### Action item
With pictures left out, return only the lines from the line containing "Digital Art T-Shirt" through the end of the material below, both included.

### Recorded information
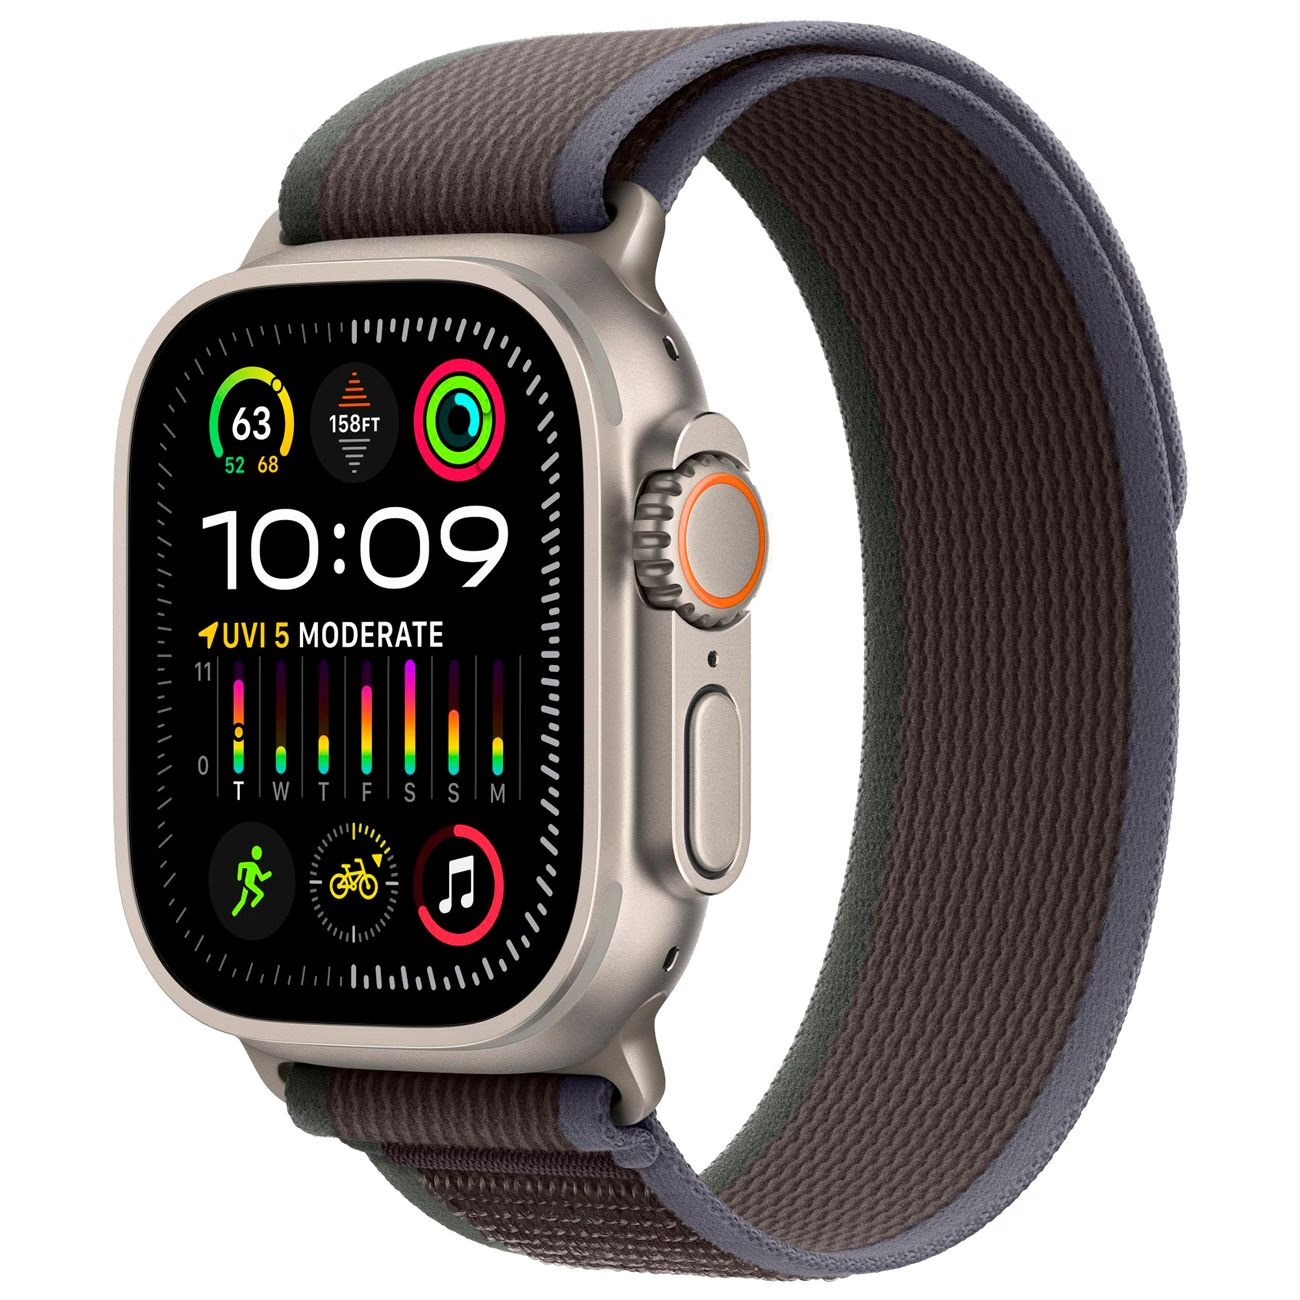 Купить смарт-часы apple watch ultra 2 trail loop blue/black Apple Watch Ultra 2 в официальном магазине Apple, Samsung, Xiaomi. iPixel.ru Купить, заказ, кредит, рассрочка, отзывы,  характеристики, цена,  фотографии, в подарок.
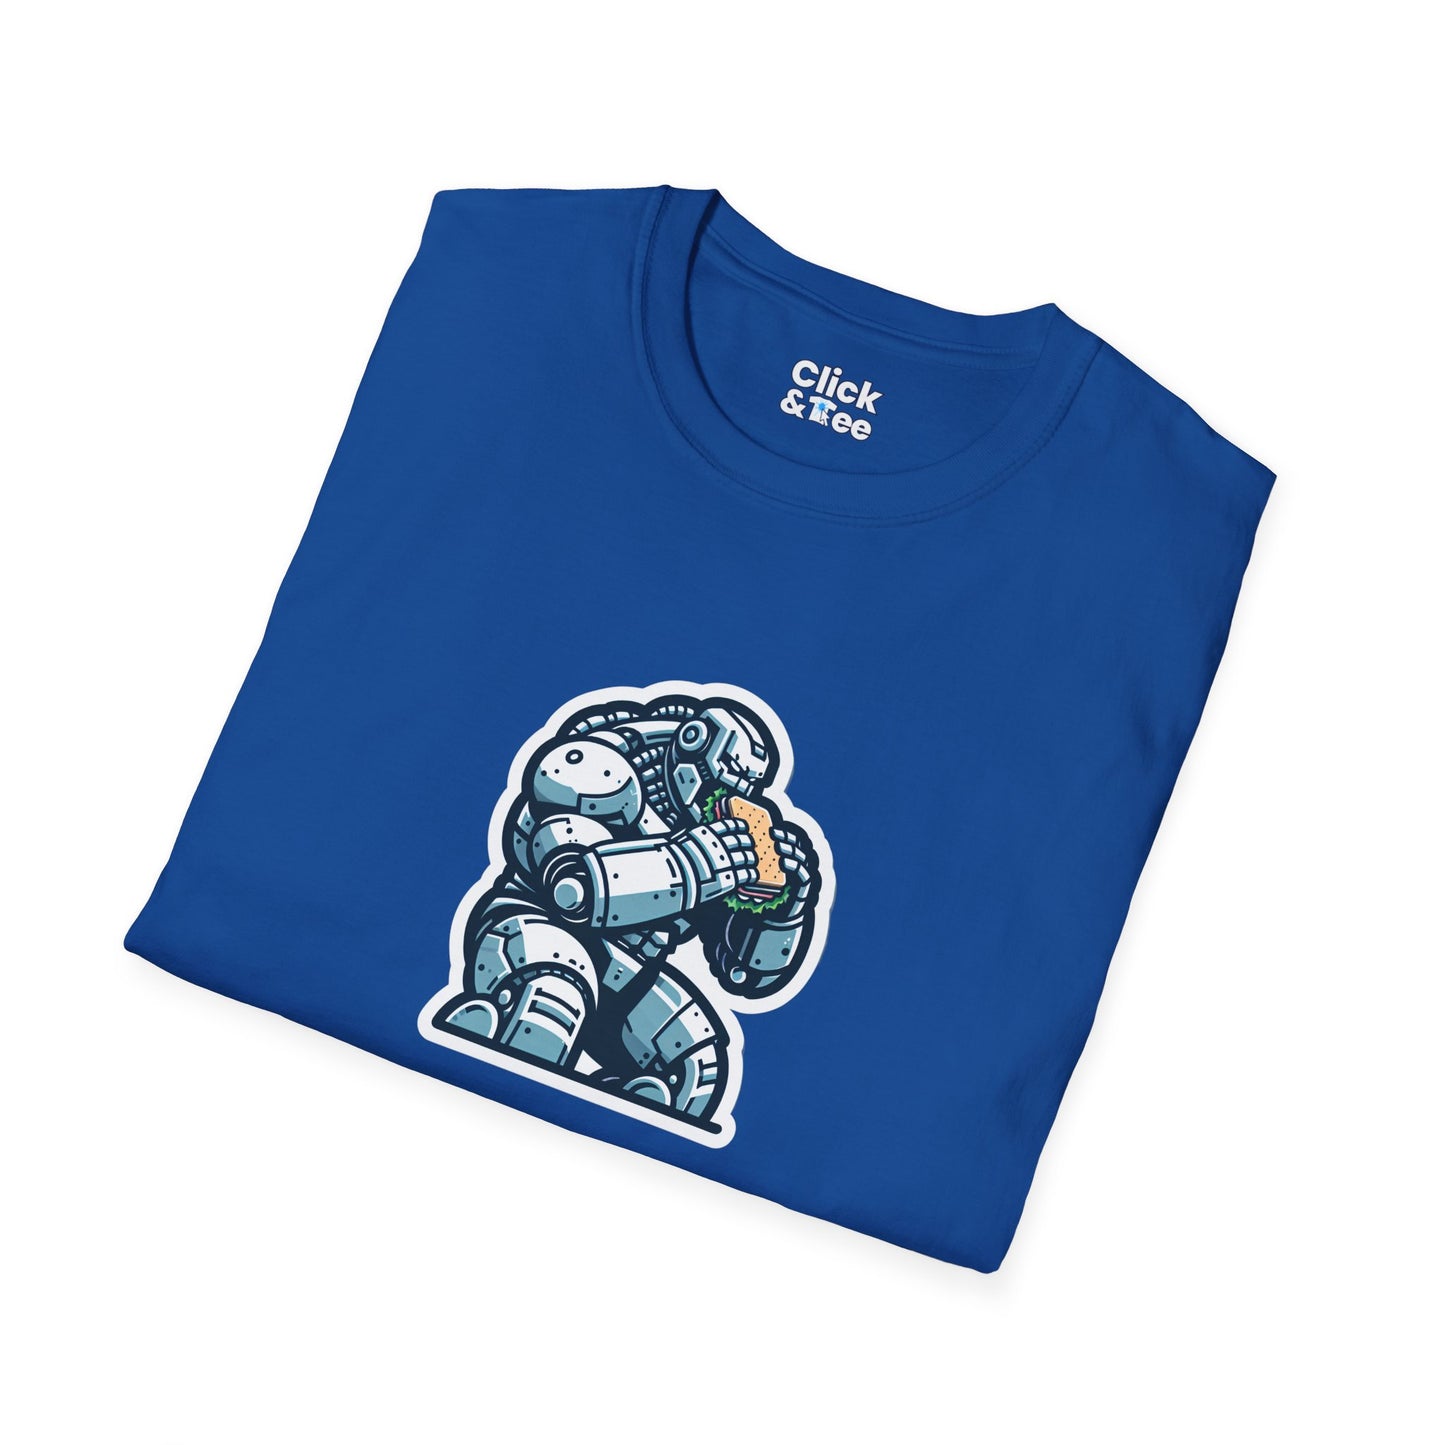 Digital Art T-Shirt - Hulking Robot Eating a sandwich  - Digital Art Style T-Shirt
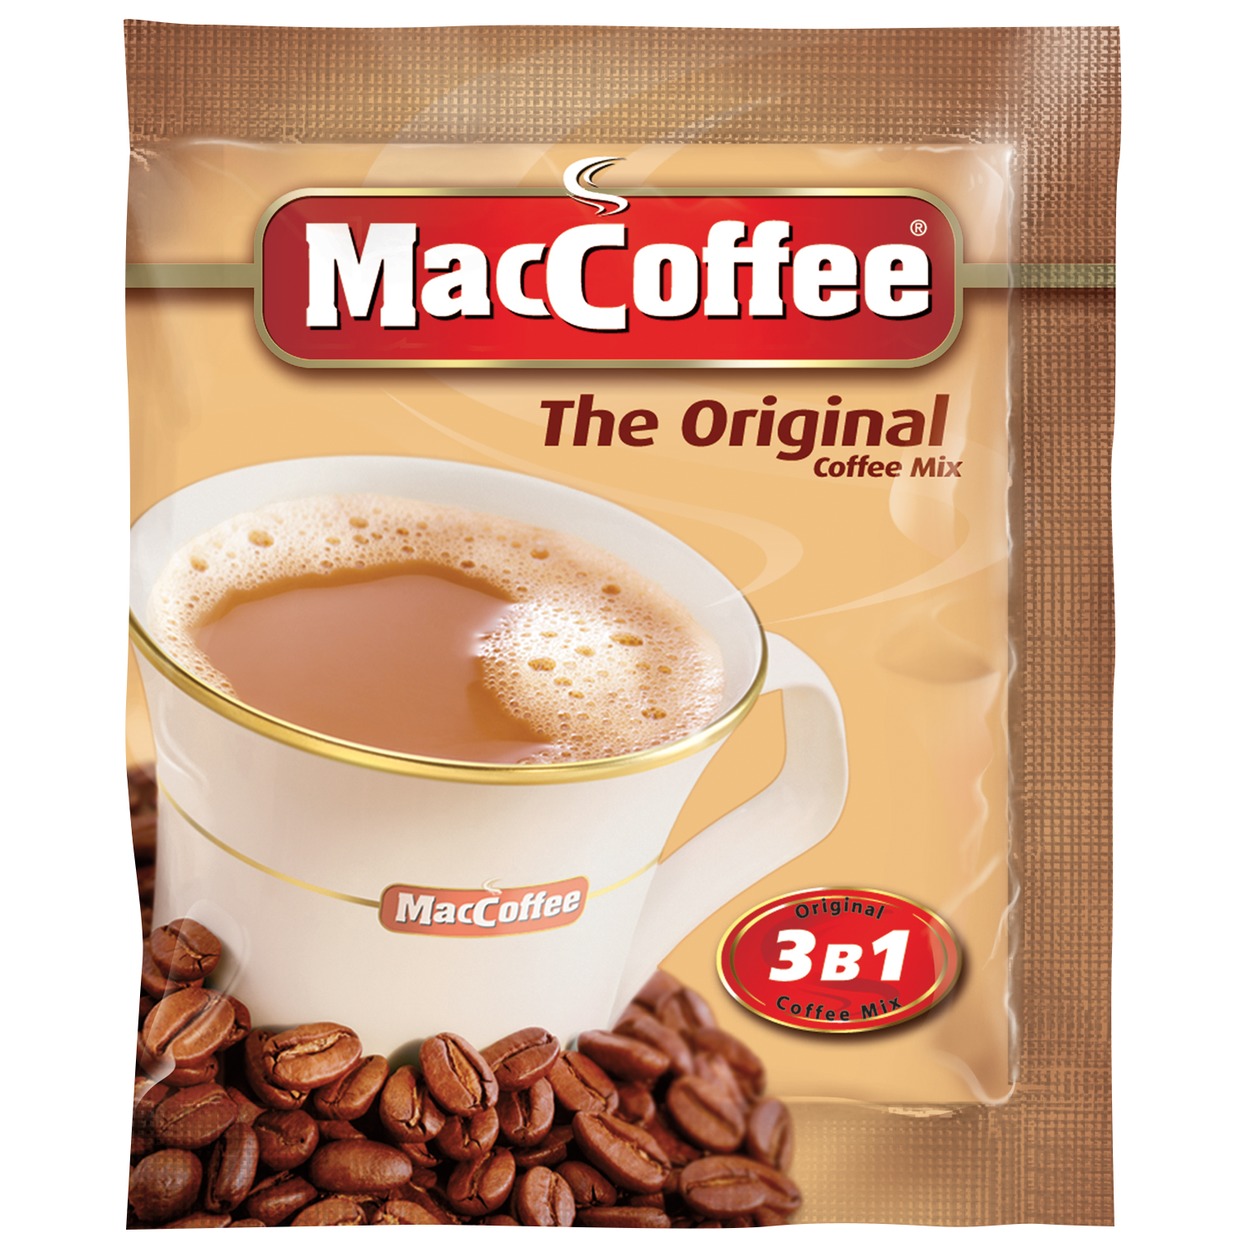 Напиток кофейный MacCoffee Original растворимый 3в1 20г по акции в Пятерочке

### Finished task
 Digital Art T-Shirt - Hulking Robot Eating a sandwich  - Digital Art Style T-Shirt
 Напиток кофейный MacCoffee Original растворимый 3в1 20г по акции в Пятерочке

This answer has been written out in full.